[Data excerpts]
BEGIN

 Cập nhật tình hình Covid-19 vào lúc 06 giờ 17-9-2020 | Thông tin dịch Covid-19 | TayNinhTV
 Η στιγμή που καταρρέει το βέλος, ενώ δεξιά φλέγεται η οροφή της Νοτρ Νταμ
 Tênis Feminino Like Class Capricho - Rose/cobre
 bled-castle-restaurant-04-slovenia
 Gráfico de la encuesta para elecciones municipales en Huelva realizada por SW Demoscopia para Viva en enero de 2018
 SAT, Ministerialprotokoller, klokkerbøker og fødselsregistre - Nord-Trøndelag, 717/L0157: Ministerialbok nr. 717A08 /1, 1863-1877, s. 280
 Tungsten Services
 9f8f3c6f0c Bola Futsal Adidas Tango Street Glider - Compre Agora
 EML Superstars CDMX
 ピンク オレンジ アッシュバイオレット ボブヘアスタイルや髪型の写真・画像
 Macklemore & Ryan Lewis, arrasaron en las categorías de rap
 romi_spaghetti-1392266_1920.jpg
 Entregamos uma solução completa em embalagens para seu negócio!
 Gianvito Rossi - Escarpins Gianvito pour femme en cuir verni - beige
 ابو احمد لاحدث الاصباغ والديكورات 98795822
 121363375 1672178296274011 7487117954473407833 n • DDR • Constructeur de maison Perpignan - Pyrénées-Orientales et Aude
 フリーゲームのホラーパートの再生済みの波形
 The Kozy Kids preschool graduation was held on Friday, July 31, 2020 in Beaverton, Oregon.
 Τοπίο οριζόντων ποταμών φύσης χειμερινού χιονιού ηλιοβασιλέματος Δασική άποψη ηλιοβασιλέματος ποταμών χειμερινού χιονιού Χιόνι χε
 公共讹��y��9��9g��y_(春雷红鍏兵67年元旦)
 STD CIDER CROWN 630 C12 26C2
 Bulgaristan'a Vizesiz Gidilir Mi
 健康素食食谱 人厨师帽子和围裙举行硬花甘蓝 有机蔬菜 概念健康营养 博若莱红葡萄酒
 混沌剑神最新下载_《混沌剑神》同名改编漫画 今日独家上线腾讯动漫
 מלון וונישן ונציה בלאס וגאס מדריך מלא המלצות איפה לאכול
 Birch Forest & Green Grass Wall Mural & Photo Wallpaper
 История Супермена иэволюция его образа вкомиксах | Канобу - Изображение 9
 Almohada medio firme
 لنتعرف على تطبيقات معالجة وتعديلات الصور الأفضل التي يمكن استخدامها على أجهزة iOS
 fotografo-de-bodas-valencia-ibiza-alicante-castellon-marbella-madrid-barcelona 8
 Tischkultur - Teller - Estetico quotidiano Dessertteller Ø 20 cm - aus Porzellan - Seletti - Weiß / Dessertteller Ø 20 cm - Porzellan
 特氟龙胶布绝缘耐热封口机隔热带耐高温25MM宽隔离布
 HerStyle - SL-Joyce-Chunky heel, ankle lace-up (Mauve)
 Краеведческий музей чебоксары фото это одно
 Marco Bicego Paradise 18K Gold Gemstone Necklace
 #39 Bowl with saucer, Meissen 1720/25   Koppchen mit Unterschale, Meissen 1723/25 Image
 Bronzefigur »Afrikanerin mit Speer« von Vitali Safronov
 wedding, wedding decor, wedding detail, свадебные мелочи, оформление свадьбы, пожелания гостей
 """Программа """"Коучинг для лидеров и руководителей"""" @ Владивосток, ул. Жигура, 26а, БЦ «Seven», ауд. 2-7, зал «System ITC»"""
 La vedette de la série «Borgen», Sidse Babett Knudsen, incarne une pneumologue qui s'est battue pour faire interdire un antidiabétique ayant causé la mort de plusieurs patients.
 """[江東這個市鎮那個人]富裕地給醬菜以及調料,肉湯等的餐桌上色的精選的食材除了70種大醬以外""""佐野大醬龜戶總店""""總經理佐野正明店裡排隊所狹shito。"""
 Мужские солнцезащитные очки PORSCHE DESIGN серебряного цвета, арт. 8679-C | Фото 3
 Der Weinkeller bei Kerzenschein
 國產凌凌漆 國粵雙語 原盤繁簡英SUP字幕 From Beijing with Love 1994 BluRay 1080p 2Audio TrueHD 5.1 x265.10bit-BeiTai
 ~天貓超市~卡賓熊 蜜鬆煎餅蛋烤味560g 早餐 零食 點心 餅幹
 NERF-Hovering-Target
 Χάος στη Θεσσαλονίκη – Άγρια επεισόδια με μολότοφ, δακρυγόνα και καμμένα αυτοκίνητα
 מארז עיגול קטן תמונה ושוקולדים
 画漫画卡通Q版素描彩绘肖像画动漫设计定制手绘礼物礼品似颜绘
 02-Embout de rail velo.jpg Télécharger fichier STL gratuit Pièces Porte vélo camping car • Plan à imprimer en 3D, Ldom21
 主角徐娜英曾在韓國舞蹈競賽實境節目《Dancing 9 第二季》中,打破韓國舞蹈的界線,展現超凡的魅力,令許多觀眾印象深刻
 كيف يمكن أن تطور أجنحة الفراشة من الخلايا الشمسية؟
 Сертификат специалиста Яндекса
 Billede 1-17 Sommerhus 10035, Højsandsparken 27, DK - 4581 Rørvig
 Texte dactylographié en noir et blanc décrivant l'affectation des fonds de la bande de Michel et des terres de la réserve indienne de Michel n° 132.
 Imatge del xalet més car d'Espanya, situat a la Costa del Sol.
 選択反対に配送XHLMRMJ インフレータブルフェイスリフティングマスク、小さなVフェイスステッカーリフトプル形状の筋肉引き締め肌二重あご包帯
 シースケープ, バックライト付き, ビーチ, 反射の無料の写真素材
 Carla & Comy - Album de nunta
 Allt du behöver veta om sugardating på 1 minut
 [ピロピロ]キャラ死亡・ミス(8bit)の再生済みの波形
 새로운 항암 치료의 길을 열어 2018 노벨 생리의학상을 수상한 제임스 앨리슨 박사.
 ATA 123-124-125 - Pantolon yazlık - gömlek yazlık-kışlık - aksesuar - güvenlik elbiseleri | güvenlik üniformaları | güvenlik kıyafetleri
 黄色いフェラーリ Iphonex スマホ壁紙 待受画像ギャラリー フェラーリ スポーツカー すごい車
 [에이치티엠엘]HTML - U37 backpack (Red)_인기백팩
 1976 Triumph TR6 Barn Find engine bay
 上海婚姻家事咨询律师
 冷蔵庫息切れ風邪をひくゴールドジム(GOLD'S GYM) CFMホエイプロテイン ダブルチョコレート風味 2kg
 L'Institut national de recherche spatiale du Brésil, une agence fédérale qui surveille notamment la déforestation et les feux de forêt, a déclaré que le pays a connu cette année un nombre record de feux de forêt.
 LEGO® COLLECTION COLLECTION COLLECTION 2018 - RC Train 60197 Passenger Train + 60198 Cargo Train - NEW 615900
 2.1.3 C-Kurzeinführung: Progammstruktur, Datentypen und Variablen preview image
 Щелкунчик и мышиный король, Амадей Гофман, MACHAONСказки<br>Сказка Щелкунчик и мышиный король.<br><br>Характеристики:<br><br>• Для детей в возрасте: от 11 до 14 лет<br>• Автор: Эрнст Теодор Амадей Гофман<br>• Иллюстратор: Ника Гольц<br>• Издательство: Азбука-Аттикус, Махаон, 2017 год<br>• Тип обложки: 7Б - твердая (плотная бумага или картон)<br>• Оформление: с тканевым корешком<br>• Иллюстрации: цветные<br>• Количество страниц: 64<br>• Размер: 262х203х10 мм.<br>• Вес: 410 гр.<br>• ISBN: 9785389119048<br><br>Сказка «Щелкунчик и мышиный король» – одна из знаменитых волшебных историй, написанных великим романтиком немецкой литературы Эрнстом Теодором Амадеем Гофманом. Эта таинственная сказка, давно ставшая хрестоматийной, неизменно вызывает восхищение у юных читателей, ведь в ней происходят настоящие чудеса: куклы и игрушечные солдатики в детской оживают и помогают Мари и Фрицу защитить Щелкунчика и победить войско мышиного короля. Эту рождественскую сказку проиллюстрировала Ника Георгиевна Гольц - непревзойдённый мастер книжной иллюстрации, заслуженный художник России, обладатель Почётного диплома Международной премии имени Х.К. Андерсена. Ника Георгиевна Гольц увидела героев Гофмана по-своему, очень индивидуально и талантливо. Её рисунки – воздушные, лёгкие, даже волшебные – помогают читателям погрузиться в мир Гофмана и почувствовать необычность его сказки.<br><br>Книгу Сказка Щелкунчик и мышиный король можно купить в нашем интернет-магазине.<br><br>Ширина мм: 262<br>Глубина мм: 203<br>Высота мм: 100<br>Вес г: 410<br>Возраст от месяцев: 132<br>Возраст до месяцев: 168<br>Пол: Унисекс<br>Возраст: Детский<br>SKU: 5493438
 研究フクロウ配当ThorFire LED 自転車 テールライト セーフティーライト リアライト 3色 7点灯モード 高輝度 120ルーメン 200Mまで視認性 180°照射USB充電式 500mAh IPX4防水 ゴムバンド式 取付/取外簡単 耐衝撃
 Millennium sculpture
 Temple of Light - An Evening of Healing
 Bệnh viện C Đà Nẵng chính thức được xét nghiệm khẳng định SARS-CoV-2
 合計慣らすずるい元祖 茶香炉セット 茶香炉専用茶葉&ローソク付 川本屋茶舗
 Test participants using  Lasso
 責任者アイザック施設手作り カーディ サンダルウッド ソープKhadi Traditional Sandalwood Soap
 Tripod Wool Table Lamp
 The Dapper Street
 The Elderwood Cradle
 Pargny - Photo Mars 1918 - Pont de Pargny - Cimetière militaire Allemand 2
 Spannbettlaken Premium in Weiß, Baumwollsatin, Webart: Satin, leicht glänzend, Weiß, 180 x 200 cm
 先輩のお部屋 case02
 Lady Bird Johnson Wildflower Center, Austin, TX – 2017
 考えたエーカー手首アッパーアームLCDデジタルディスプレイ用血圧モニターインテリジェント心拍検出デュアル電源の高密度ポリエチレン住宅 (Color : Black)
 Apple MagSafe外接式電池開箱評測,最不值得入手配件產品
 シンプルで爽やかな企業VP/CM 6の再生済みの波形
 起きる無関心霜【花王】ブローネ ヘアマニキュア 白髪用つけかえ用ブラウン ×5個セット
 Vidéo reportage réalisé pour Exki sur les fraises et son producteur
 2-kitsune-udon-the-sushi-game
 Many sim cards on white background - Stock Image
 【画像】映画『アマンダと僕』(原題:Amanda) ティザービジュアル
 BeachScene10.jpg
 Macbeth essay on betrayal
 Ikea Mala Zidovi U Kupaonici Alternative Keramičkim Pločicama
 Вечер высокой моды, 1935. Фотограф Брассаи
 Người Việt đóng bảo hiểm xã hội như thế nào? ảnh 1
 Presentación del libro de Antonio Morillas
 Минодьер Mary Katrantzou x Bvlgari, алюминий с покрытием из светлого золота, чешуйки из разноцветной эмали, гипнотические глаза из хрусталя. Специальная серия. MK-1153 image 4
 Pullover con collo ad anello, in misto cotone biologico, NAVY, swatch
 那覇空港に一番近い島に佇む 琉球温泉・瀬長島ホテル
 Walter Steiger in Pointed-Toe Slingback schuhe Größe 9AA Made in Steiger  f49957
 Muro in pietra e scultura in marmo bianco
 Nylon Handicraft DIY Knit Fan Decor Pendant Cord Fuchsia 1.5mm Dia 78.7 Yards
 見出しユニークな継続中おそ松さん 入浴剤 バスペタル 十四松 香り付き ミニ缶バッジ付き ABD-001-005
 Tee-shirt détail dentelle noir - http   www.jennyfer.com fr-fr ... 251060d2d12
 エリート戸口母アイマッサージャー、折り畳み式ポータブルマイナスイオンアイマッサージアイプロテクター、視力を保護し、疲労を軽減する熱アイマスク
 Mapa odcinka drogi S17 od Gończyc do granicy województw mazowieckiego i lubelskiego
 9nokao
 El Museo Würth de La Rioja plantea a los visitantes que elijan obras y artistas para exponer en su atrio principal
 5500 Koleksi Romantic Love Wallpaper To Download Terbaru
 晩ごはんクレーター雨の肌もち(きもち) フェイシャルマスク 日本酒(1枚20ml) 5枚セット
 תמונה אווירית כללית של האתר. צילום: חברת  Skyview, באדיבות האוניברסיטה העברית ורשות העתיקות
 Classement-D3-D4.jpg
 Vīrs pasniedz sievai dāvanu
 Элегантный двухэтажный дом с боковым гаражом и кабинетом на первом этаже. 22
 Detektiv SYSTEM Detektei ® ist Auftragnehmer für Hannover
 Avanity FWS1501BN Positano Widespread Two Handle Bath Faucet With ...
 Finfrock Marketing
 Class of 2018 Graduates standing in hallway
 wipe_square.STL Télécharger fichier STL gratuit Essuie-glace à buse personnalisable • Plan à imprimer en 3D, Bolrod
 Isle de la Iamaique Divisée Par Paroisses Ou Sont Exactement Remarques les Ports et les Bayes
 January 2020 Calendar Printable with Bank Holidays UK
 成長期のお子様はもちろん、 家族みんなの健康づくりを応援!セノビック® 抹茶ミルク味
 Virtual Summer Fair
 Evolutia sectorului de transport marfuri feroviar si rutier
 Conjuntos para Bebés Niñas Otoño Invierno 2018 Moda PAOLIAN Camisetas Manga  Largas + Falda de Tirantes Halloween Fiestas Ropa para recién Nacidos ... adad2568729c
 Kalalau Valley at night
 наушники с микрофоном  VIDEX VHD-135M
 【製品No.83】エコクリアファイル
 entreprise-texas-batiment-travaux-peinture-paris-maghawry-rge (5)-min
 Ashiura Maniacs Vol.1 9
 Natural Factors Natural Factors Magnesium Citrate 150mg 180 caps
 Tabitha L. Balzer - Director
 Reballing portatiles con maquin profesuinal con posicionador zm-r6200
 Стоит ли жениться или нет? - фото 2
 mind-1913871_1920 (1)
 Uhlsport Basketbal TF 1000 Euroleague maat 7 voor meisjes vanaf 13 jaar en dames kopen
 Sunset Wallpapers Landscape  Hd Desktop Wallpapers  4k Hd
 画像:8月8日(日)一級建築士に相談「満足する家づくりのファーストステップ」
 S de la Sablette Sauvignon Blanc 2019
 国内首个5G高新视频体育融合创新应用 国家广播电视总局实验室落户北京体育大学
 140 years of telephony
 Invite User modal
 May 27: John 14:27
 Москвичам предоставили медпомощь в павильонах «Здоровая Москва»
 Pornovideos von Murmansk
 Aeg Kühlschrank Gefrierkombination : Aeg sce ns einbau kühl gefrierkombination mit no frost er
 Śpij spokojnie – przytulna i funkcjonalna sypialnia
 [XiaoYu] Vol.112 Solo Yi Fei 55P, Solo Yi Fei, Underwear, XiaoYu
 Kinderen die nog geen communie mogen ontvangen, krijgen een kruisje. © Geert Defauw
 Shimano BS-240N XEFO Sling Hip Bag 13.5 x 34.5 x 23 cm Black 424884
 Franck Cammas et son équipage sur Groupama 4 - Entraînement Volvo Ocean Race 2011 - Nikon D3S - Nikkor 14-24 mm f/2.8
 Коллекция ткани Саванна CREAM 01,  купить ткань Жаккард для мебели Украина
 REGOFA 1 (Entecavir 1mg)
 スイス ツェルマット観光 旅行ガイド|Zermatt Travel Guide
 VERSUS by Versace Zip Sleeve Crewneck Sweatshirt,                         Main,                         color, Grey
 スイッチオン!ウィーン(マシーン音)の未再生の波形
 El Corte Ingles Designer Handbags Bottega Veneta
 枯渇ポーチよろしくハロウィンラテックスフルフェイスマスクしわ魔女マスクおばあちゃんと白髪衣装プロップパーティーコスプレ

END

• Assignment
Exact duplication is required for the lines above, from the line that contains "Sunset Wallpapers Landscape" to the line that contains "Москвичам предоставили медпомощь", inclusive; omit all others.

• Task answer
 Sunset Wallpapers Landscape  Hd Desktop Wallpapers  4k Hd
 画像:8月8日(日)一級建築士に相談「満足する家づくりのファーストステップ」
 S de la Sablette Sauvignon Blanc 2019
 国内首个5G高新视频体育融合创新应用 国家广播电视总局实验室落户北京体育大学
 140 years of telephony
 Invite User modal
 May 27: John 14:27
 Москвичам предоставили медпомощь в павильонах «Здоровая Москва»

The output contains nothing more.